Выбрать главу

Они пропускали все мои слова мимо ушей.

– В довершение всего она обнаружила, что ты бросил ее и сбежал. Мистер Хамбер пытался утешить девушку, предложил ей выпить, но она вернулась в колледж и приняла таблетки.

– Нет.

К моему сообщению о применении Эдамсом огнемета они отнеслись, мягко говоря, скептически.

– Вы найдете его в сарае.

– Ну да, как же, в сарае. Так где, ты говоришь, он находится? Я еще раз объяснил.

– Наверное, поле принадлежит Эдамсу. Это можно выяснить.

– Оно существует только в твоем воображении.

– Поезжайте и проверьте. Огнемет тоже там.

– Скорее всего его используют для сжигания вереска – многие фермеры так делают.

Они дважды позволили мне попытаться связаться по телефону с полковником Беккетом. В Лондоне его камердинер сказал, что полковник уехал к друзьям в Беркшир, чтобы посетить вместе с ними скачки в Ньюбери. Местная телефонная станция Беркшира не действовала – оператор сообщил мне, что прорвало водопровод, залило кабель и его как раз сейчас чинят.

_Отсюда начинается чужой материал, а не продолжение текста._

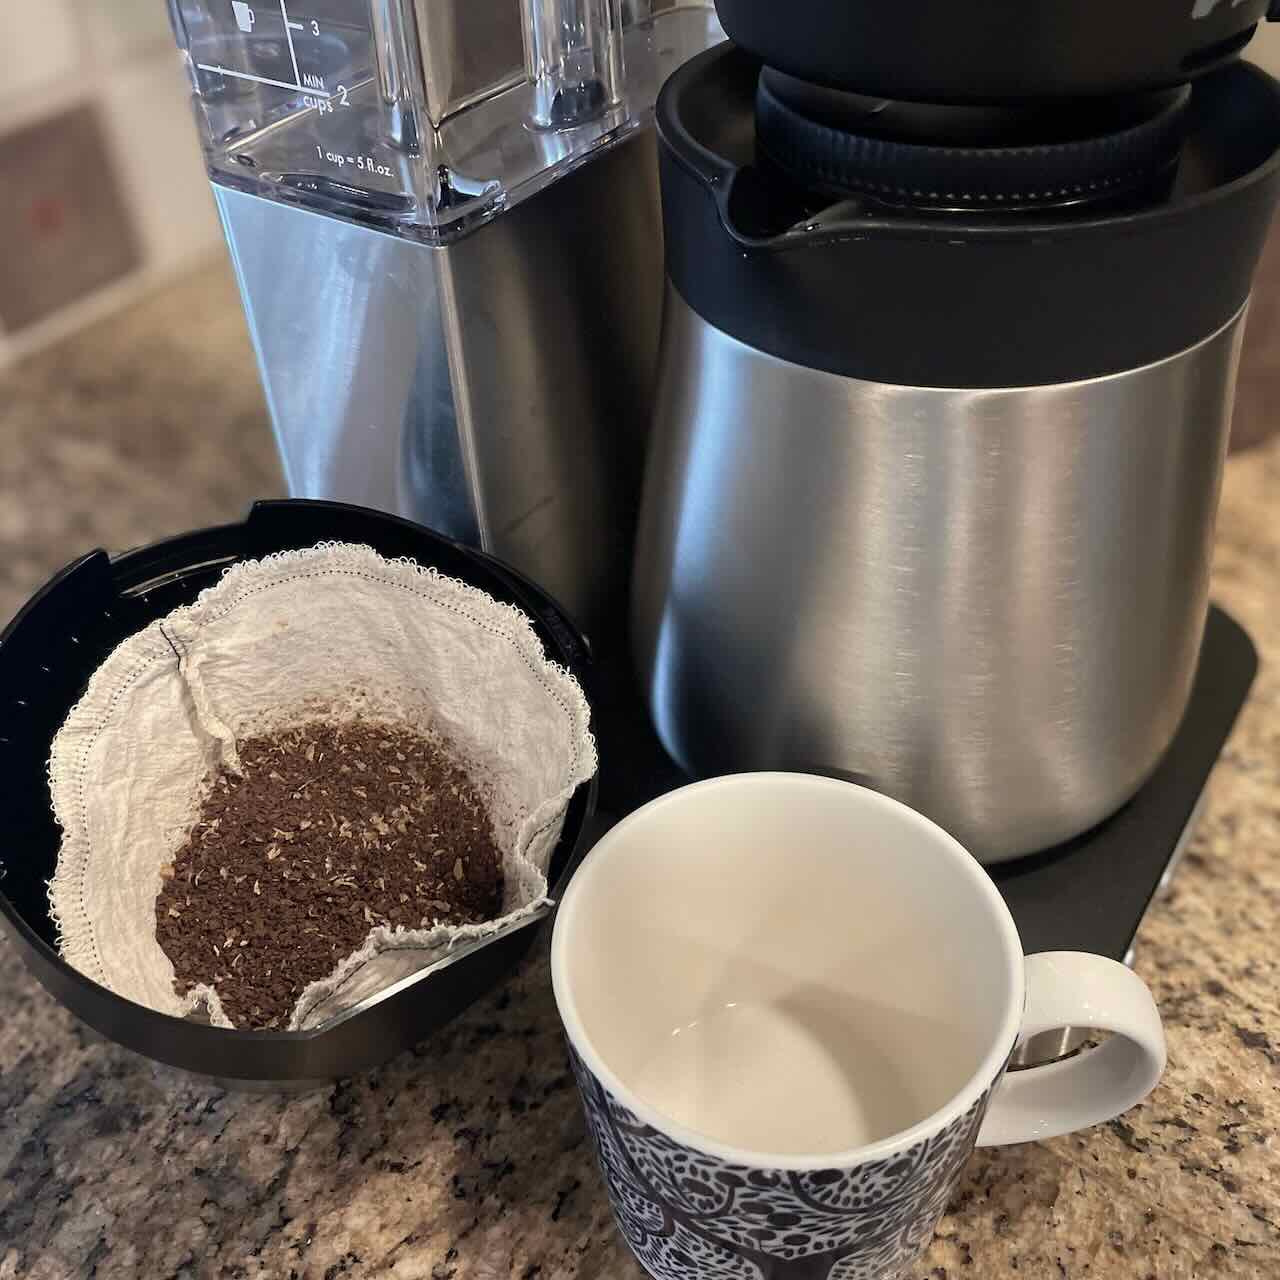 size 4 coffee filter filled with ground coffee inside basket next to the coffee maker and a porcelain coffee cup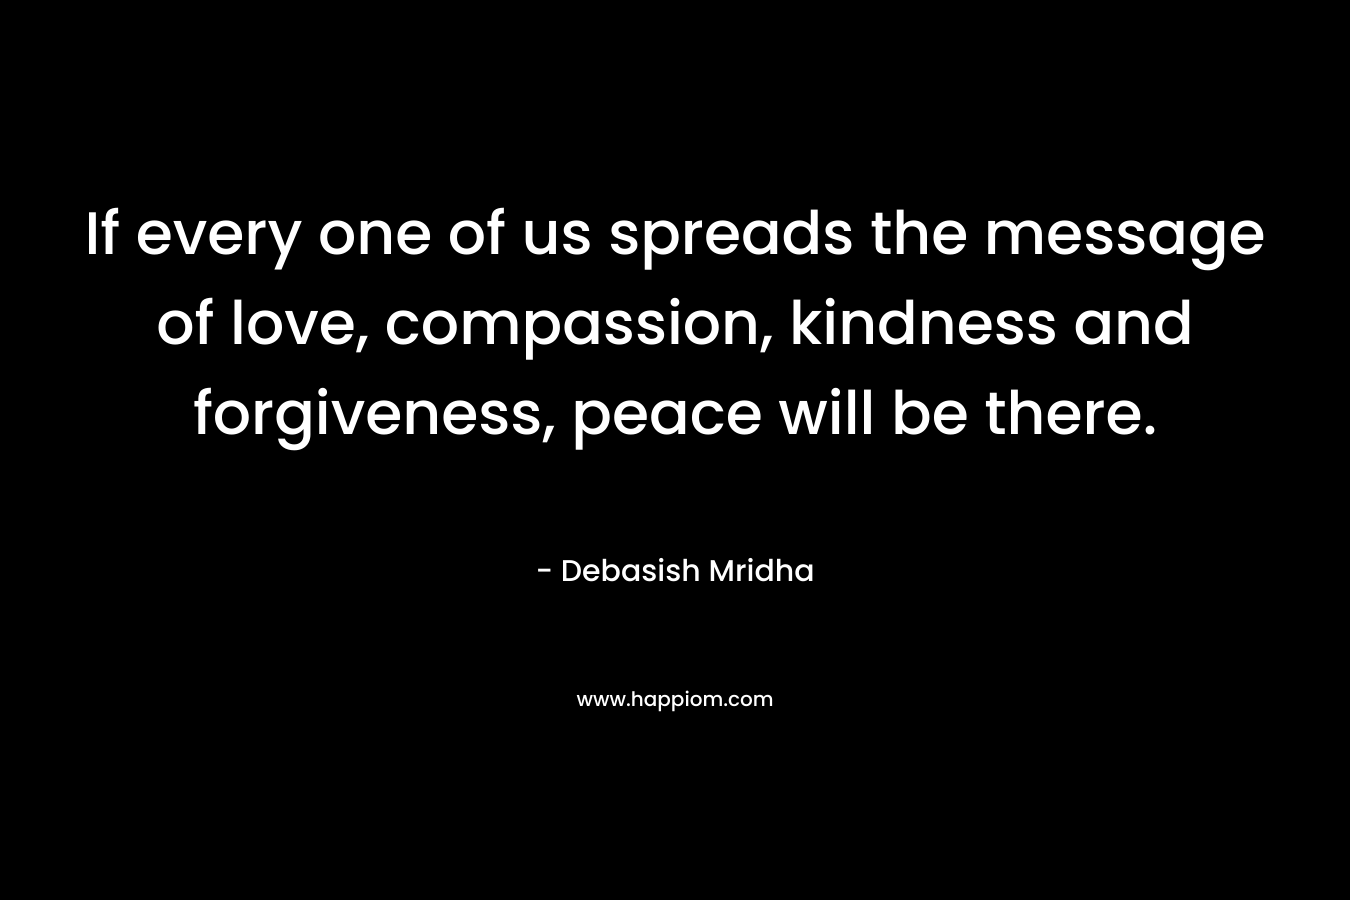 If every one of us spreads the message of love, compassion, kindness and forgiveness, peace will be there.

Я не мог понять, почему мое настойчивое желание связаться с руководителями Скакового комитета не заронило в головы следователей подозрения, что я все-таки могу говорить правду.

– Помнишь того парня, что жену задушил? Совершенно чокнутый – все требовал, чтобы ему разрешили позвонить лорду Бертрану Расселлу [17] и сообщить ему о своем вкладе в дело мира.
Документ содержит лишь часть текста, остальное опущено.